The island of Madagascar is predominantly populated by people broadly classified as belonging to the Malagasy ethno-linguistic group. This group is further subdivided a number of ethnic groups, often into the standard eighteen. In addition, communities of Indians, Arabs and Somalis in Madagascar have long been established on the island and have assimilated into local communities to varying degrees, in some places having long since become identified "Malagasy" ethnic groups, and in others maintaining distinct identities and cultural separation. More recent arrivals include Europeans and Chinese immigrants.

Madagascar was probably uninhabited prior to Austronesian settlement in the early centuries AD. Austronesian (particularly Malay) features are most predominant in the central highlands peoples, while coastal peoples are phenotypically more East African, sometimes with minor Arab, Somali, European and Indian admixtures. The largest coastal groups are the Betsimisaraka (1,500,000) and the Tsimihety and Sakalava (700,000 each). Malagasy society has long been polarized between the politically and economically advantaged highlanders of the central plateaux and the people along the coast. For example, in the 1970s there was widespread opposition among coastal ethnics against the policy of "Malagasization" which intended to phase out the use of the French language in public life in favour of a more prominent position for the Malagasy language, whose orthography is based on the Merina dialect.

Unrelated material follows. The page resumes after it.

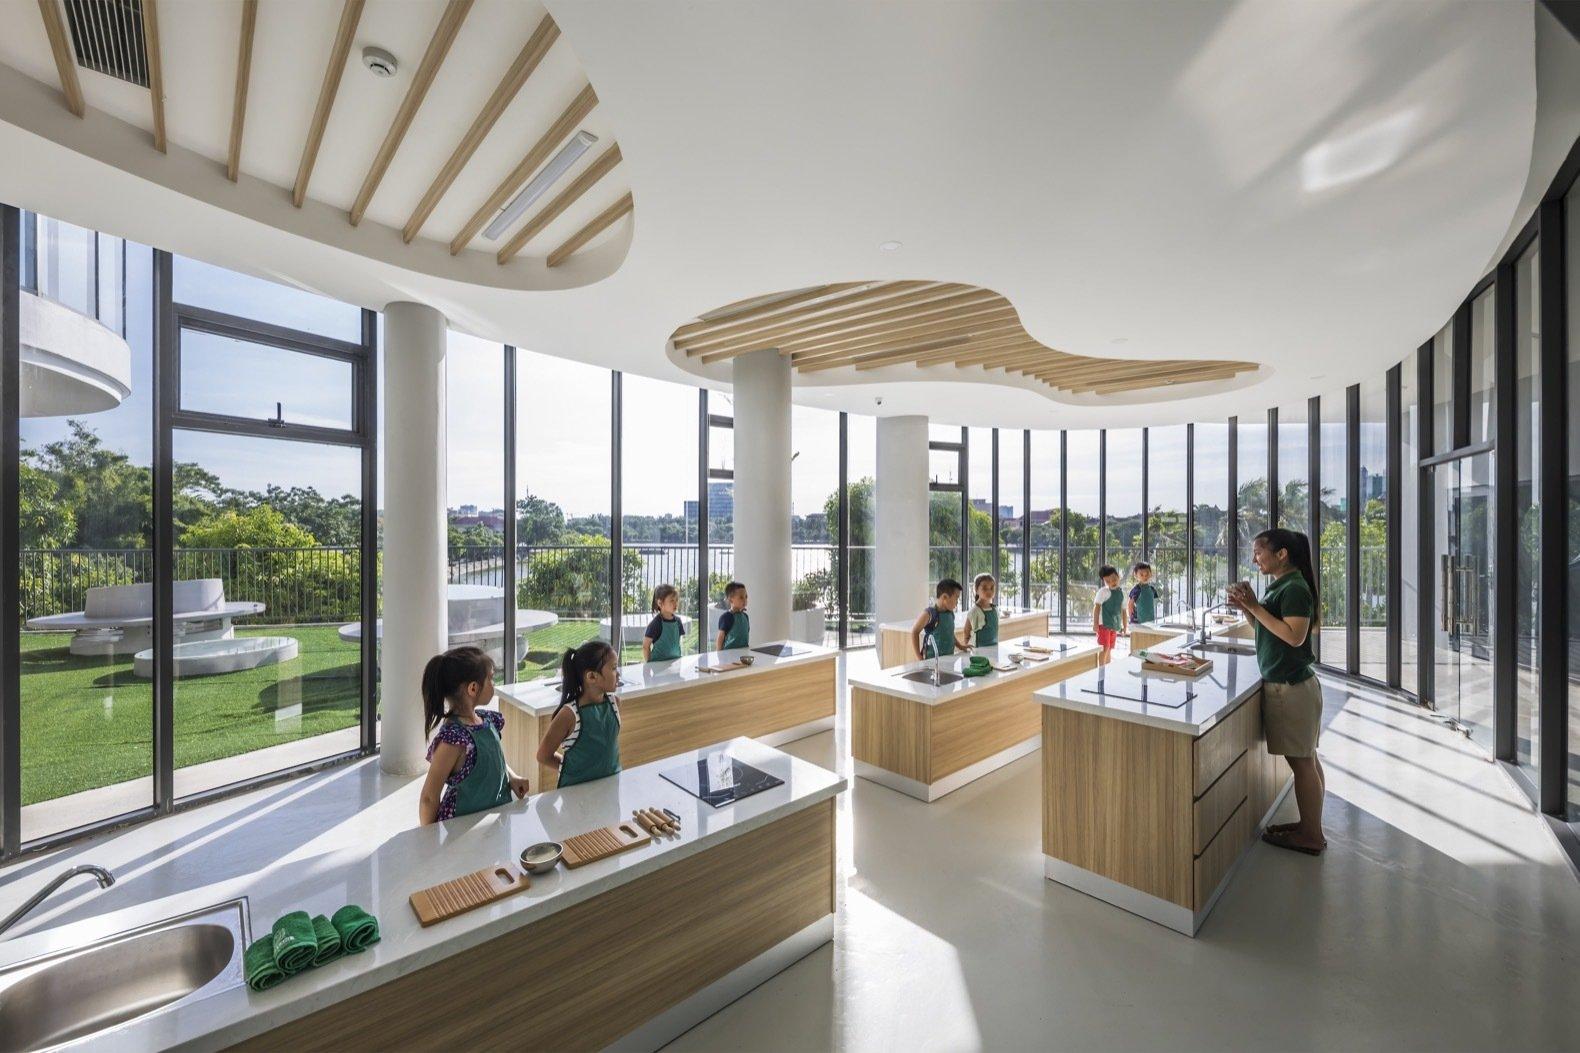 Eco Kindi kitchen

Indians in Madagascar descend mostly from traders who arrived in the newly independent nation looking for better opportunities. The majority of them came from the west coast of India known as Karana (Muslim) and Banian (Hindu). The majority speak Hindi or Gujarati, although some other Indian languages are also spoken. Nowadays the younger generations speak at least three languages, including French, Gujarati and Malagasy. A large number of the Indians in Madagascar have a high level of education, particularly the younger generation.

A sizeable number of Europeans also reside in Madagascar, mostly of French descent.

==Languages==
Malagasy is the national language, and shares the status of official language with French.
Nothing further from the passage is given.